Relationship between lipid fluidity and water permeability of bovine tracheal epithelial cell apical membranes

Abstract

Apical membrane vesicles were prepared from bovine tracheal epithelial cells. These membranes were enriched in alkaline phosphatase specific activity 35-fold compared to cellular homogenates. Steady-state fluorescence polarization studies of these membranes, using three fluorophores, demonstrated that they possessed a relatively low fluidity. Studies using the probe 1,6-diphenyl-1,3,5-hexatriene detected thermotropic transitions at 25.7 .+-. 0.4 and 26.8 .+-. 0.6.degree. C in these membranes and their liposomes, respectively.
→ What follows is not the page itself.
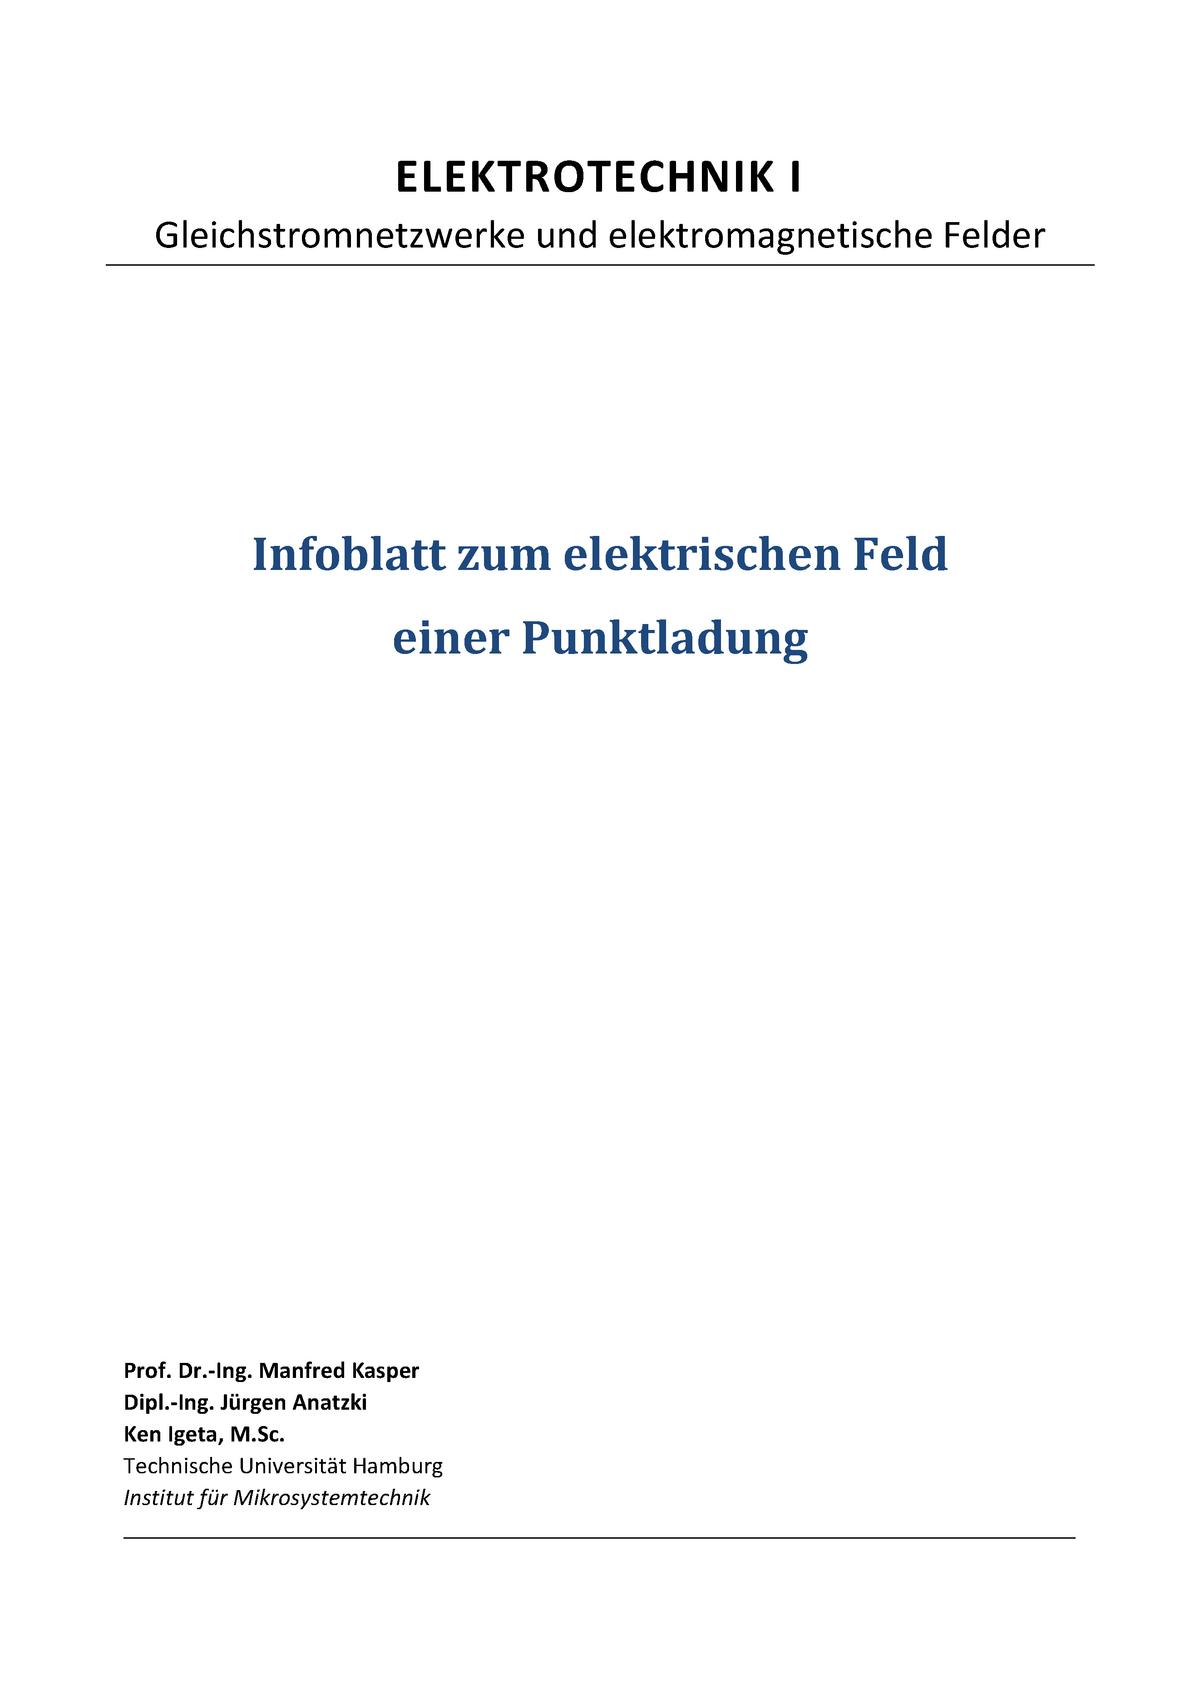 Tuhh Et1 Infoblatt U07 Elektrisches Feld Tu Hamburg Studocu

Analysis of the composition of these membranes revealed a fatty acyl saturation index of 0.59 .+-. 0.02, a protein/lipid ratio (w/w) of 0.60 .+-. 0.06, a cholesterol/phospholipid ratio (mol/mol) of 0.83 .+-. 0.11, and a sphingomyelin/lecithin ratio (mol/mol) of 0.64 .+-. 0.10. Membrane vesicles were osmotically active when studied by a stopped-flow nephelometric technique. Arrhenius plots of rates of osmotic water efflux demonstrated break points at approximately 28 and 18.degree. C, with activation energies of 16.7 .+-. 0.2 kcal mol-1 from 35 to 28.degree. C, 8.3 .+-. 0.5 kcal mol-1 from 28 to 18.degree. C, and approximately 3.0 kcal mol-1 below 18.degree. C. Treatment of membrane vesicles with benzyl alcohol, a known fluidizer, decreased lipid order (increased fluidity) and increased the rate of osmotic water efflux. The present results suggest that water crosses tracheal epithelial cell apical membranes by solubility-diffusion across the lipid domain and that increases in fluidity correlate with increases in the water permeability of these membranes.